Cumhuriyet devrimi aynı zamanda hukuk devrimidir. Hukuk devrimimizin mimarı Mahmut Esat Bozkurt’u mezarında ters çevirecek böyle bir iddianameyi kabul etmek mümkün değildir.
Savcılık iddianamesindeki suçlamaları kabul etmiyorum. Savcı, misafirliğe giden araçları engelleyerek araç sahiplerini strese sokabileceğimizi söylüyor, bu eylemimizin toplumsal husumet yaratacağını söylüyor, bu eylemler her ne kadar barışçıl olsa da itici olduğunu söylüyor. Sayın savcıya buradan seslenmek istiyorum: Devletin öğretmenini dövmek, yerlerde sürüklemek, ters kelepçe takarak itibarsızlaştırmak, ellerindeki bayrakları ve Atatürk posterleriyle gözaltına almak normal bir uygulama mıdır?

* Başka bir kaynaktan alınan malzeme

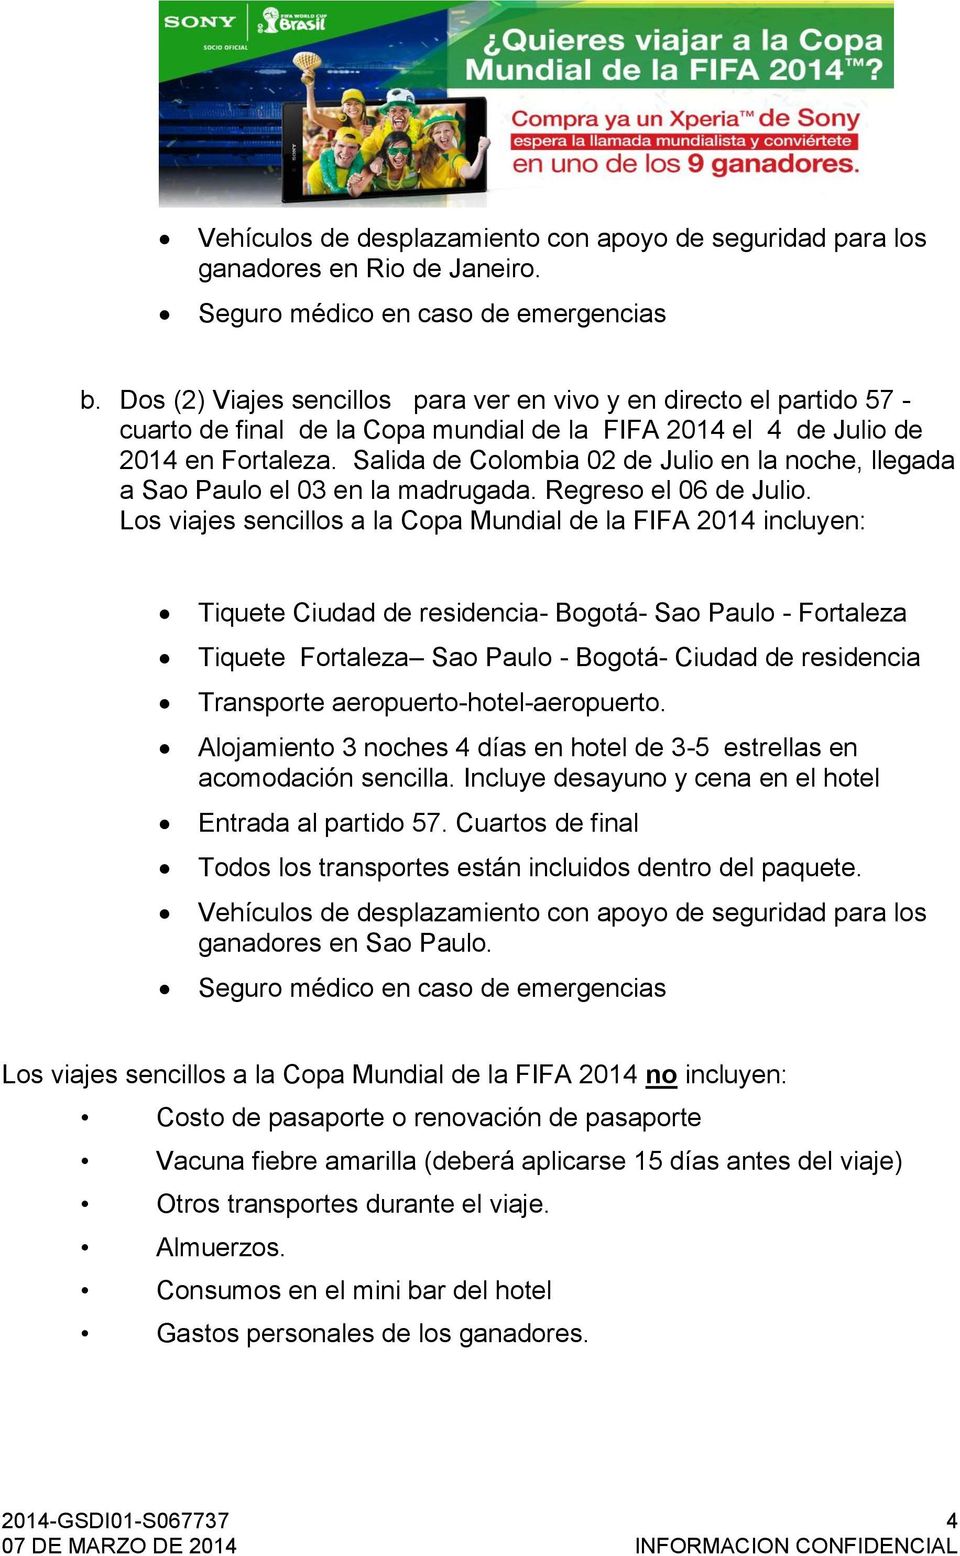 Los viajes sencillos a la Copa Mundial de la FIFA 2014 incluyen: Tiquete Ciudad de residencia- Bogotá- Sao Paulo - Fortaleza Tiquete Fortaleza Sao Paulo - Bogotá- Ciudad de residencia acomodación

Mücadele bayrağını devraldığımız TÖS Başkanı Fakir Baykurt’un 1969’da söylediği şu sözlerle dayakçılara seslenmek istiyorum:
Öğretmen Yalvarmaz!
Öğretmen Boyun Eğmez!
Öğretmen El Açmaz!
Öğretmen Ders Verir!
Öğretmen bu olayda da yine dersini vermiş, polisin faşizan, provokatif tavrına ve şiddetine rağmen barışçıl ve insancıl duruşunu bozmamış; hiçbir araca, hiçbir ağaca, hiçbir kamu malına en önemlisi de hiçbir insana zarar vermemiş; vakur tavrını sürdürmüştür.
Son olarak bu polis devleti anlayışı bizi bir dakika bile duraksatamaz; tam tersine, ülkemiz için, geleceğimiz için, tam bağımsız demokratik bir Türkiye için, emek için, çocuklarımız için, bilimsel, laik, demokratik, parasız eğitim için, Atatürk ve Cumhuriyet için demokratik ve meşru zeminlerde mücadelemiz devam edecektir.
Tamamen Anayasa hükümleri ve uluslar arası sözleşmelerle güvence altına alınan barışçıl ve demokratik bir eylem olan kitlesel basın açıklaması eylememizin suç olmadığı; aksine anayasal bir hak olduğu, asıl suçun şiddet uygulayan ve uygulatan kamu görevlilerince işlendiği açıktır.
Bu davadan beraat edeceğimizi düşünüyorum. Aksi olur ceza alırsak da bu bizim için ödül, apolet olacaktır. Verilen ceza mücadelemiz karşısında bizi yücelten bir anı olarak çocuklarımıza miras kalacaktır.
Bu nedenle mahkemenizce tarafıma sorulan ‘Hükmün Açıklanmasın Geri Bırakılmasını’ kabul etmiyorum. Çünkü bunun üzerimde bir vesayet teşkil edeceğini, bu vesayetle sendikacılık yapamayacağımı düşünüyorum. İddia edildiği gibi ortada tarafımızdan işlenmiş bir suç yoktur. Beraatimizi talep ediyorum.”